Memory Bandwidth: Memory bandwidth is the max amount of information (in units of megabytes per second) that can be moved over the external memory interface in one second. The number is worked out by multiplying the interface width by its memory clock speed. If the card has DDR RAM, it must be multiplied by 2 once again. If it uses DDR5, multiply by 4 instead. The better the memory bandwidth, the faster the card will be in general. It especially helps with anti-aliasing, High Dynamic Range and high resolutions.

Texel Rate: Texel rate is the maximum texture map elements (texels) that can be processed in one second. This figure is calculated by multiplying the total amount of texture units of the card by the core speed of the chip. The better the texel rate, the better the graphics card will be at handling texture filtering (anisotropic filtering - AF). It is measured in millions of texels processed in one second.

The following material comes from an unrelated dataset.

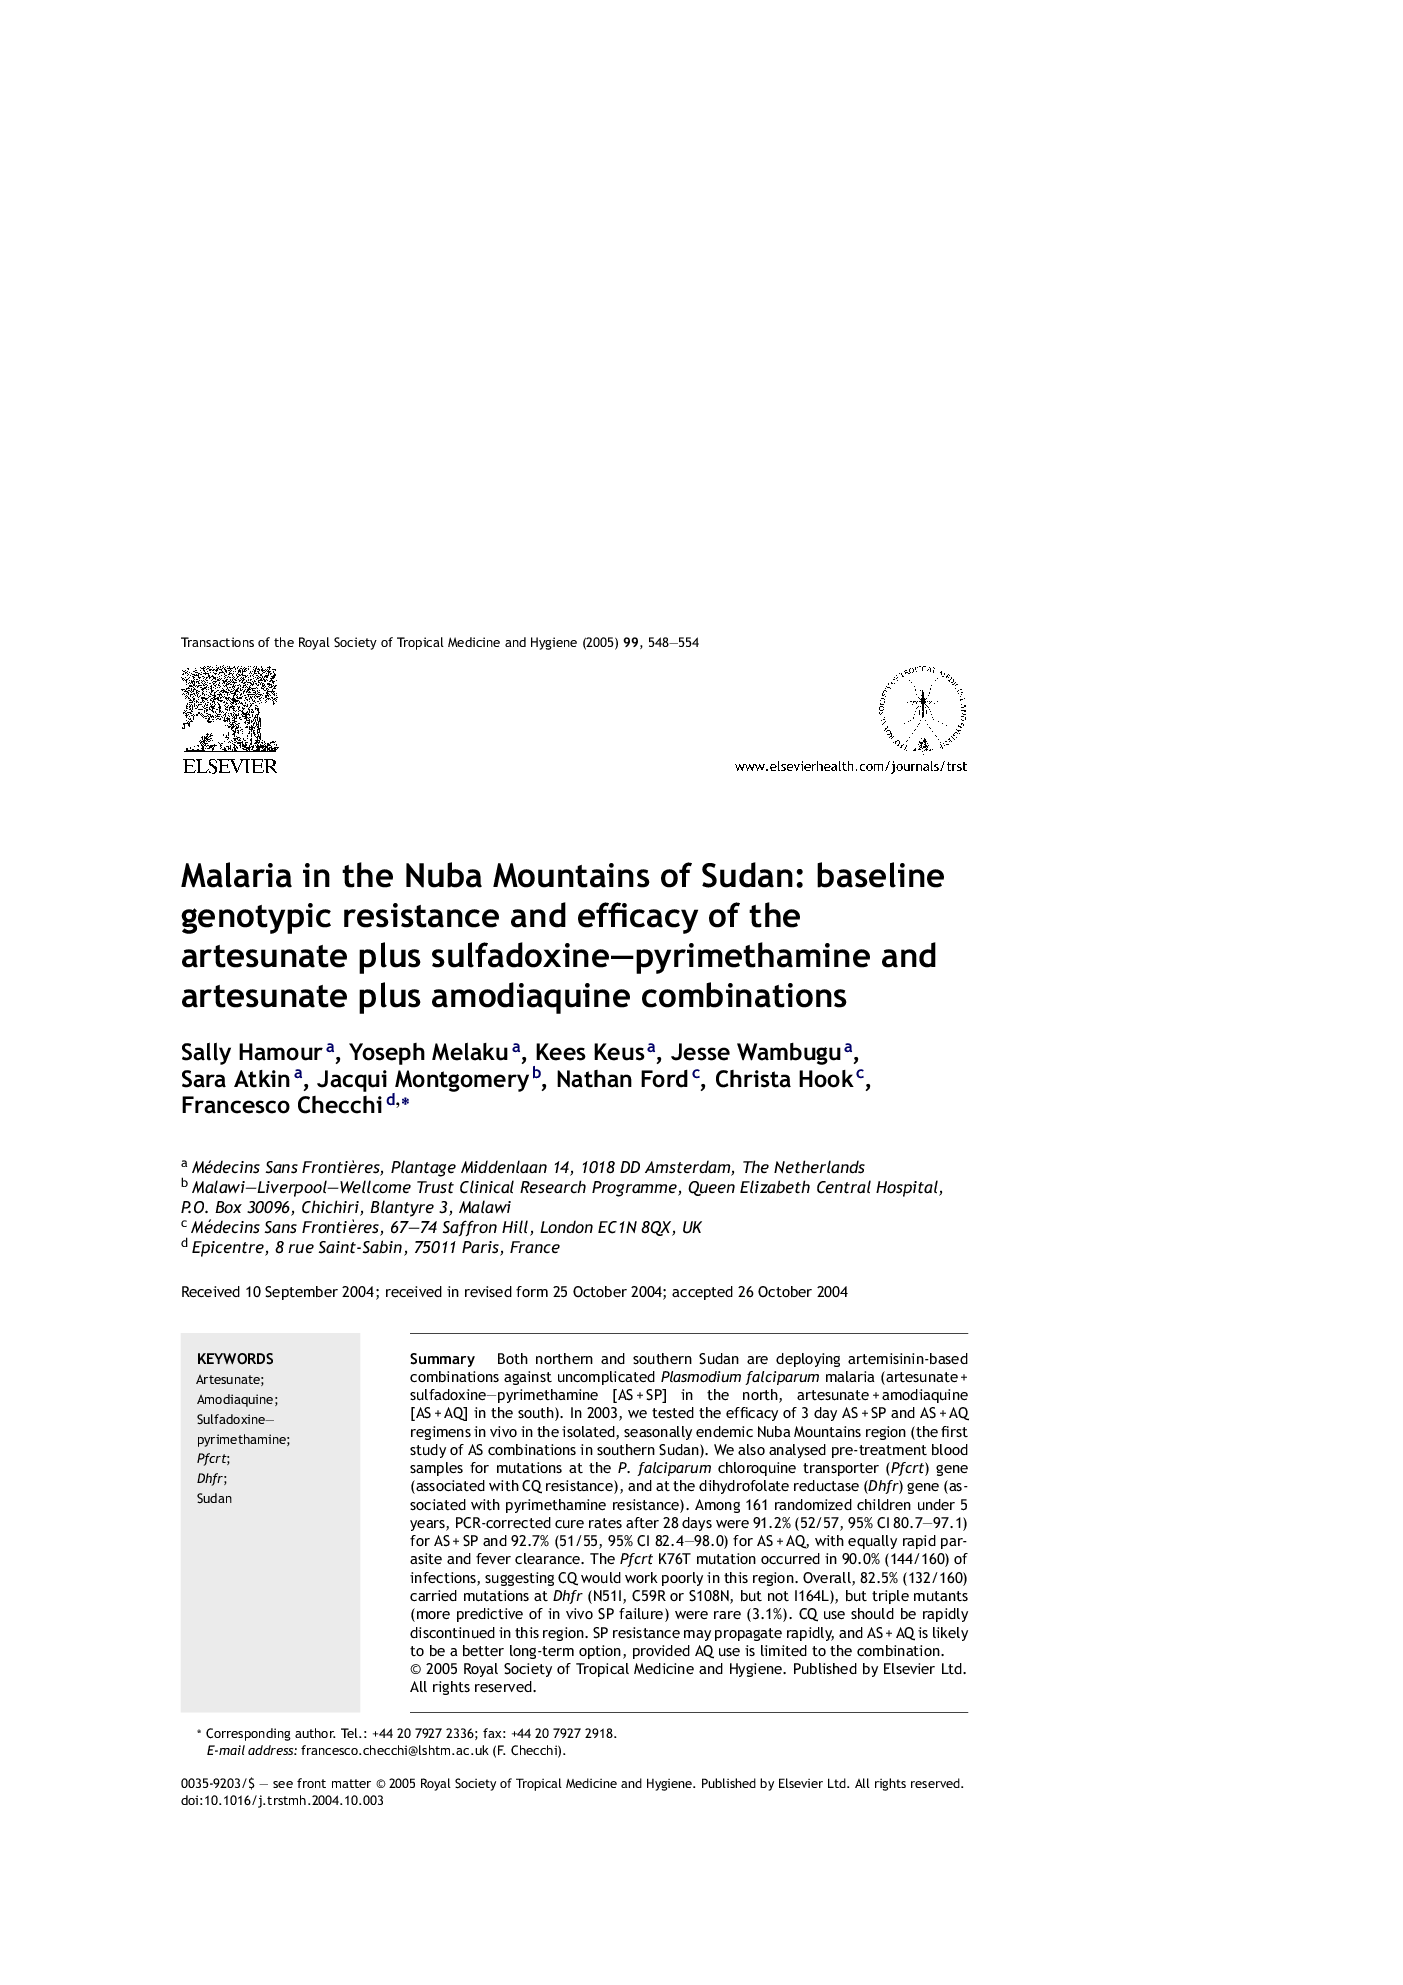 Malaria in the Nuba Mountains of Sudan: baseline genotypic resistance and efficacy of the artesunate plus sulfadoxine-pyrimethamine and artesunate plus amodiaquine combinations

Pixel Rate: Pixel rate is the maximum number of pixels the graphics card could possibly record to the local memory per second - measured in millions of pixels per second. The figure is worked out by multiplying the number of colour ROPs by the the core clock speed. ROPs (Raster Operations Pipelines - also called Render Output Units) are responsible for outputting the pixels (image) to the screen. The actual pixel fill rate is also dependant on quite a few other factors, most notably the memory bandwidth of the card - the lower the memory bandwidth is, the lower the potential to get to the maximum fill rate.